Some focus on generating content that can be served to waste crawler time: crates.io/crates/iocaine/2.1.0

Some focus on generating linked pages: https://hackaday.com/2025/01/23/trap-naughty-web-crawlers-in...

Some of them play the long game and try to poison models' data: https://codeberg.org/konterfai/konterfai

There are lots more as well; those are just a few of the ones that recently made the rounds.

I suspect that combining approaches will be a tractable way to waste time:

- Anubis-esque systems to defeat or delay easily-deterred or cut-rate crawlers,

- CloudFlare or similar for more invasive-to-real-humans crawler deterrence (perhaps only served to a fraction of traffic or traffic that crosses a suspicion threshold?),

- Junk content rings like Nepenthes as honeypots or "A/B tests" for whether a particular traffic type is an AI or not (if it keeps following nonsense-content links endlessly, it's not a human; if it gives up pretty quickly, it might be--this costs/pisses off users but can be used as a test to better train traffic-analysis rules that trigger the other approaches on this list in response to detected likely-crawler traffic).

- Model poisoners out of sheer pettiness, if it brings you joy.
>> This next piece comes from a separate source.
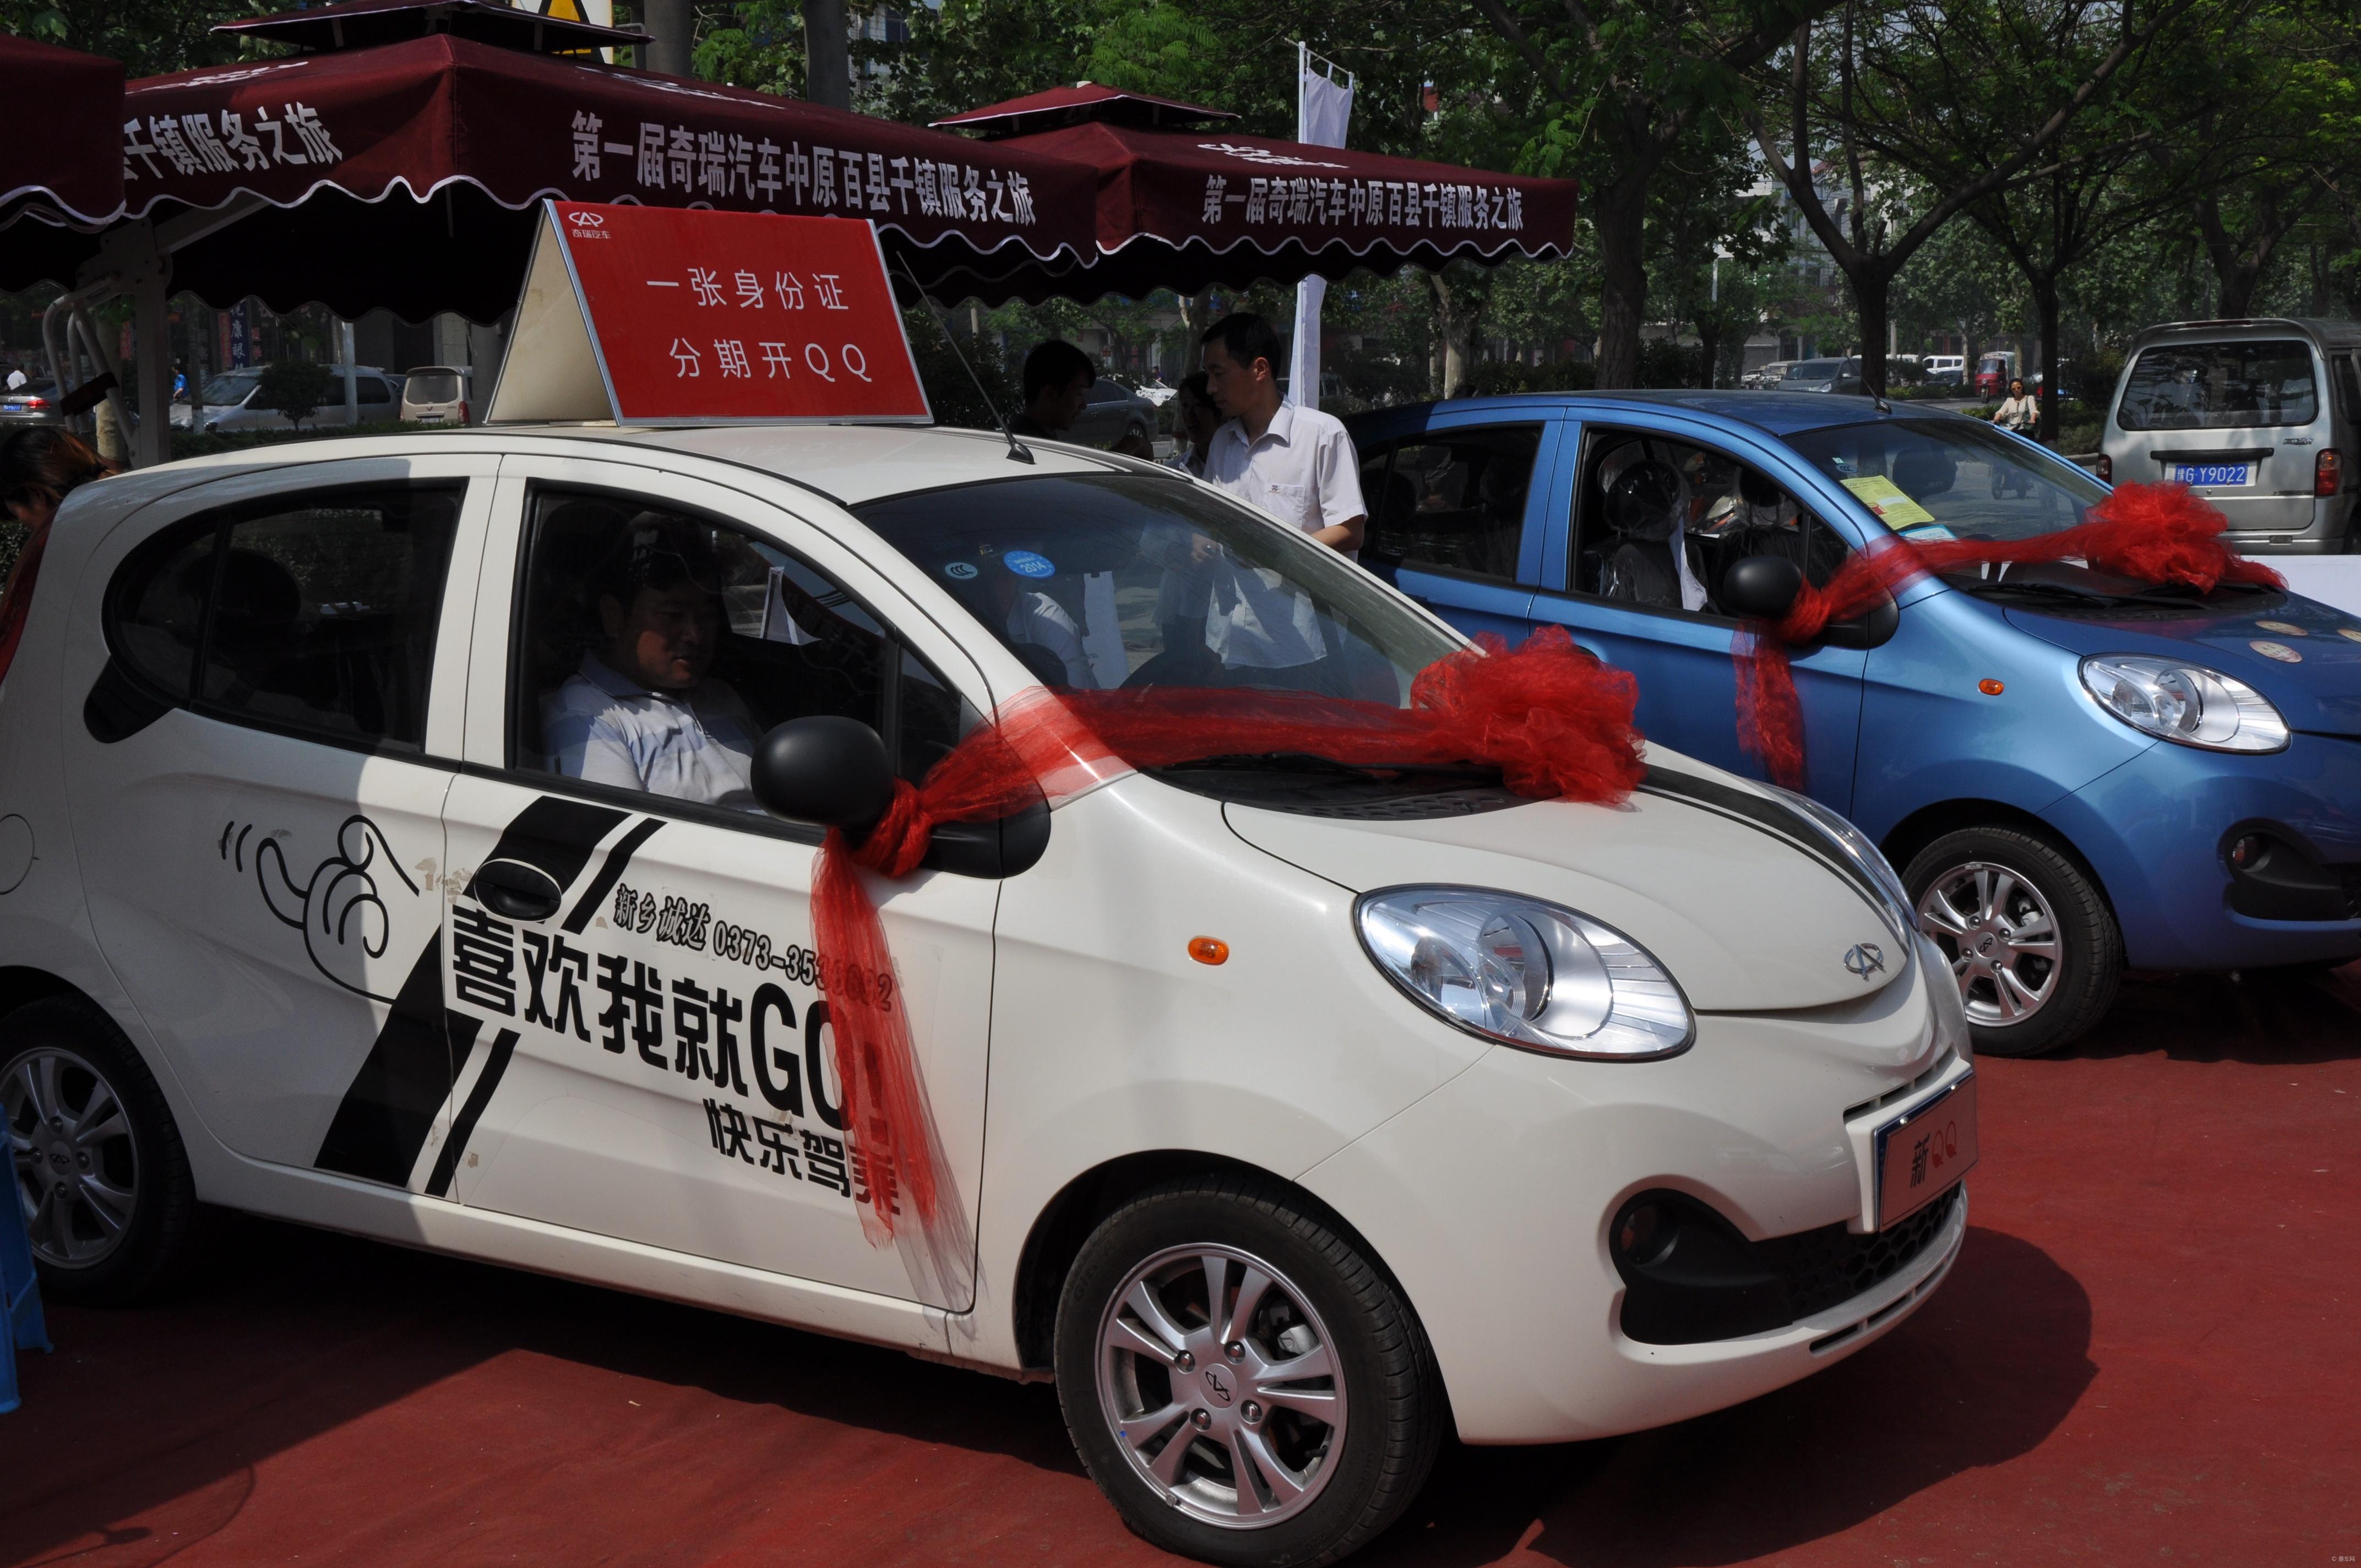 车的免费检测,其中包括:轮胎气压检测,灯光检测,仪表检测,离合器检测图片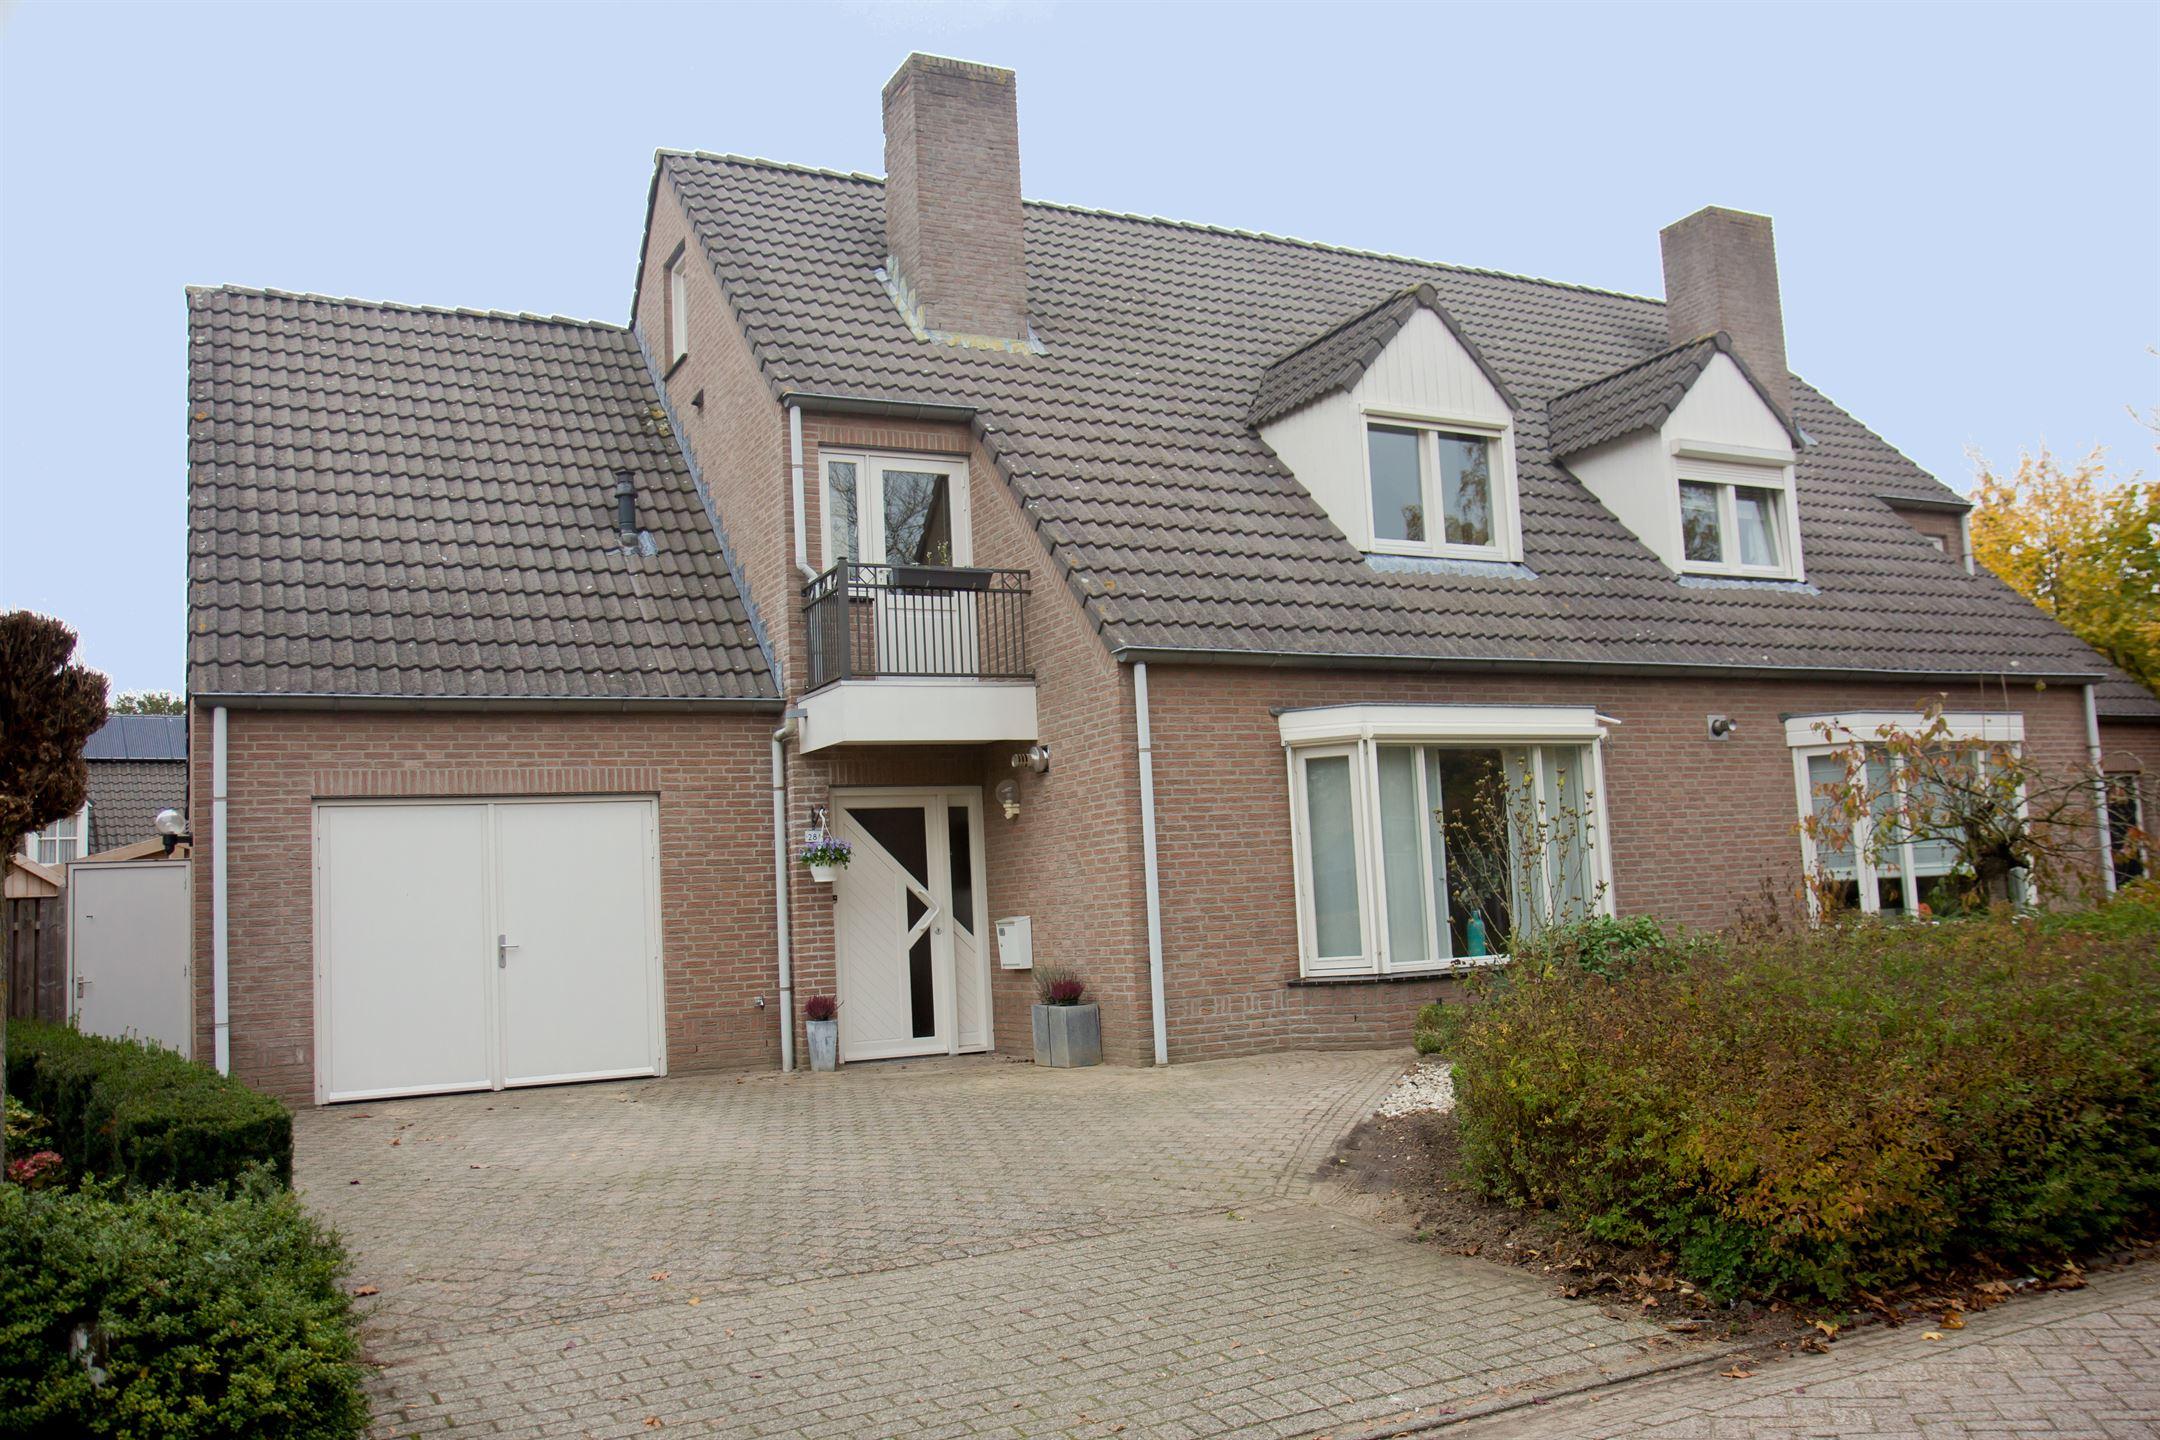 Huis te koop: steenovens 28 a 5563 cb westerhoven [funda]

I also wonder if serving taboo traffic (e.g. legal but beyond-the-pale for most commercial applications porn/erotica) would deter some AI crawlers. There might be front-side content filters that either blacklist or de-prioritize sites whose main content appears (to the crawler) to be at some intersection of inappropriate, prohibited, and not widely-enough related to model output as to be in demand.